Big Data in the Cloud explain what is the relationship between these two new information technologies which is necessary to approach to the extensive network. As already mentioned in other articles, often the name of the cloud is nothing more than a group of virtualized servers : a computing resource that presents itself as a normal server. This is generally called Infrastructure as a Service (IaaS) and is offered by platforms such as Rackspace Cloud or Amazon EC2. You can buy resources for these services and you install and configure your own software, such as Hadoop or NoSQL database. Most of the solutions described below can later be distributed over IaaS services.

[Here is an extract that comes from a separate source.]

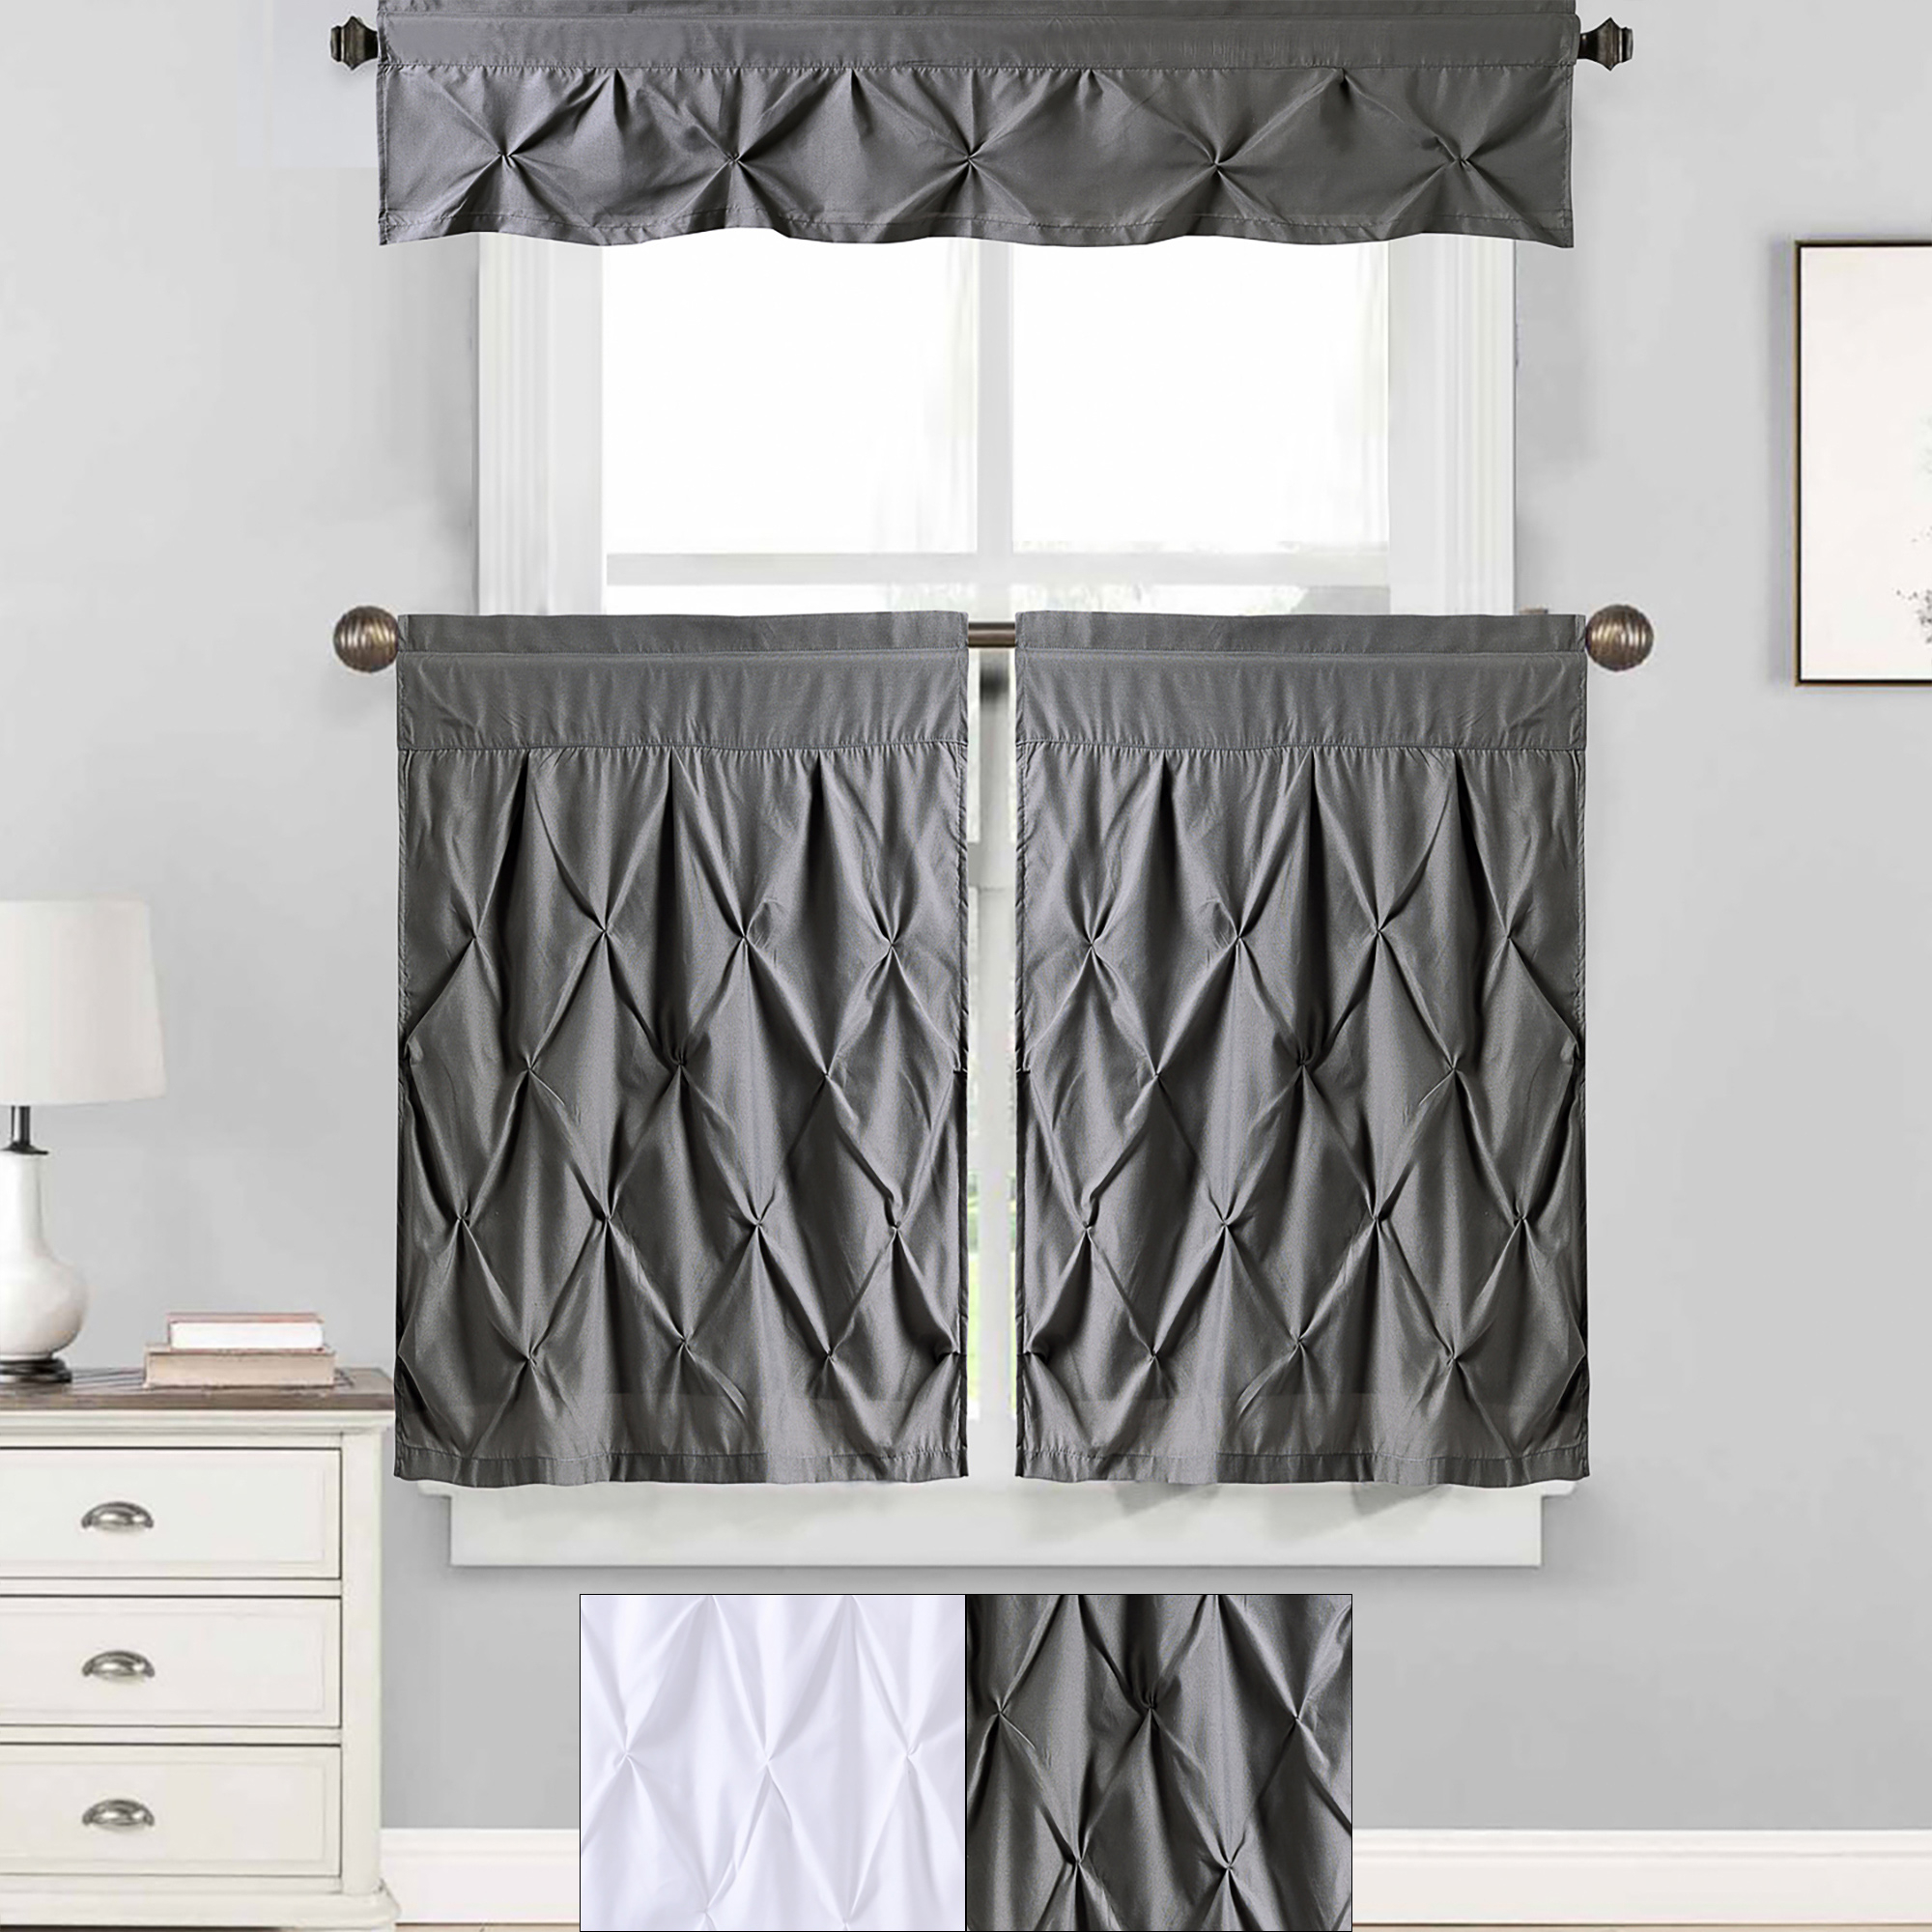 "Details Zu Hudson Pintuck Kitchen Window Curtain 36"" Tier Pair And Valance Set With Microfiber 3 Piece Kitchen Curtain Valance And Tiers Sets (View 13 of 20)"
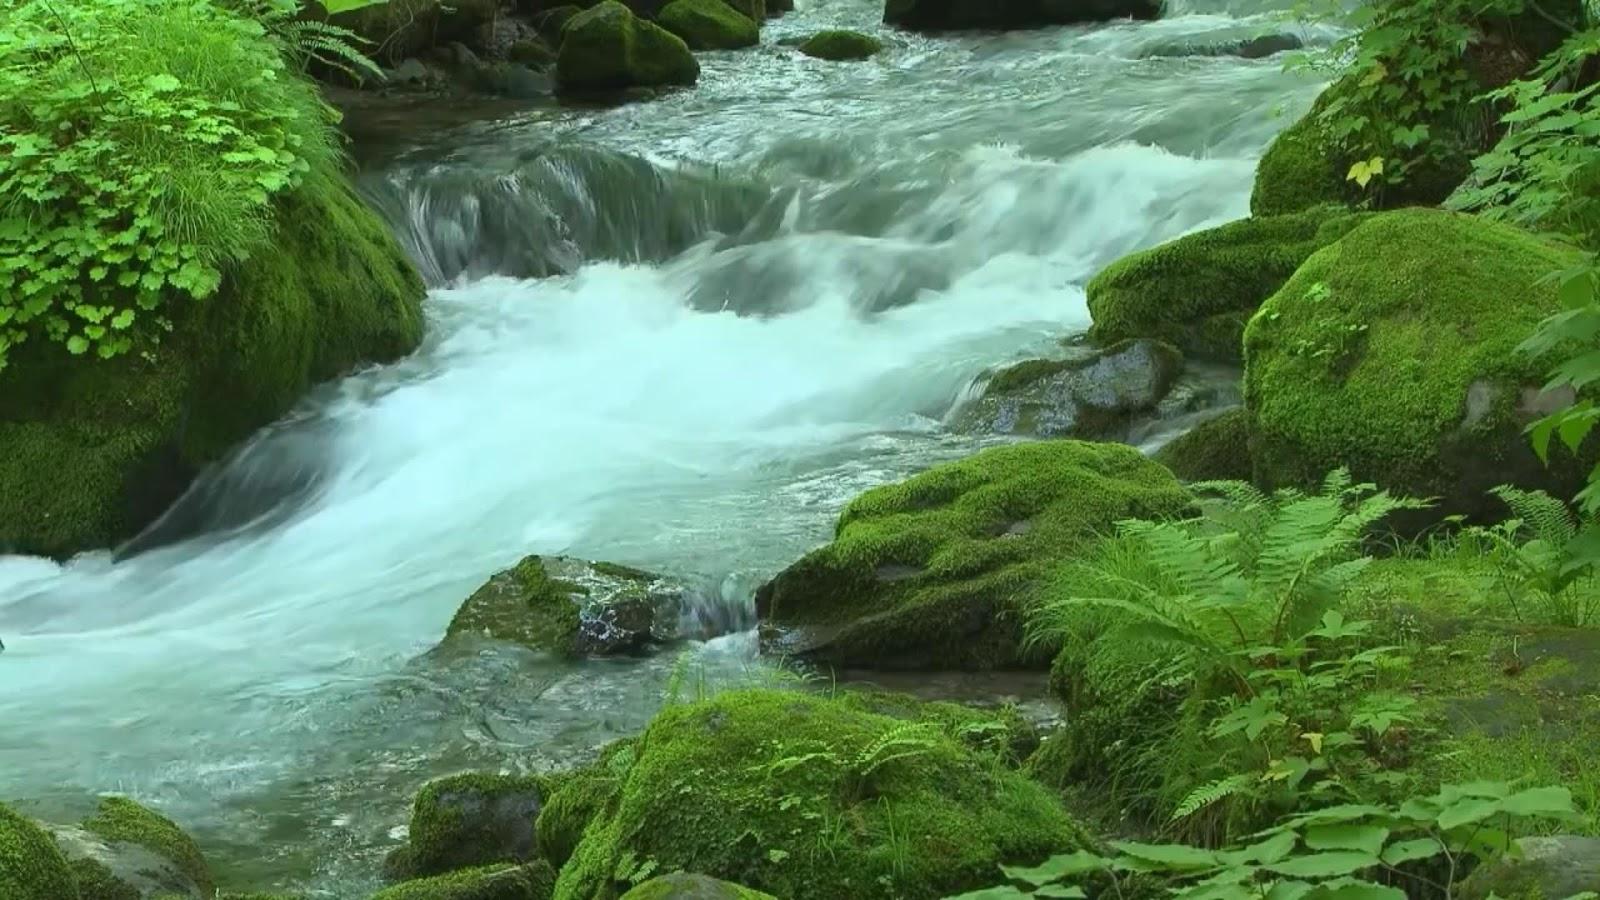 Flowing water casino 16

Big Data in the Cloud : Basics
You can use an orchestrated framework, which can deal with the management of the resources and infrastructure automation tools that manage themselves – the server installation and configuration. For example, RightScale provides a platform for multi-cloud management that mitigates some of the problems of managing servers in the cloud. Frameworks such as OpenStack and Eucalyptus help in the presentation of a uniform interface for both private and public data center cloud. The current challenge is to make easier to use private cloud and IaaS services in the next two years the use of a cloud of resources should in fact become more immediate with the acceptance by the companies with new standards. There will be a uniform interface, which uses a private or public cloud, or a mixture of both.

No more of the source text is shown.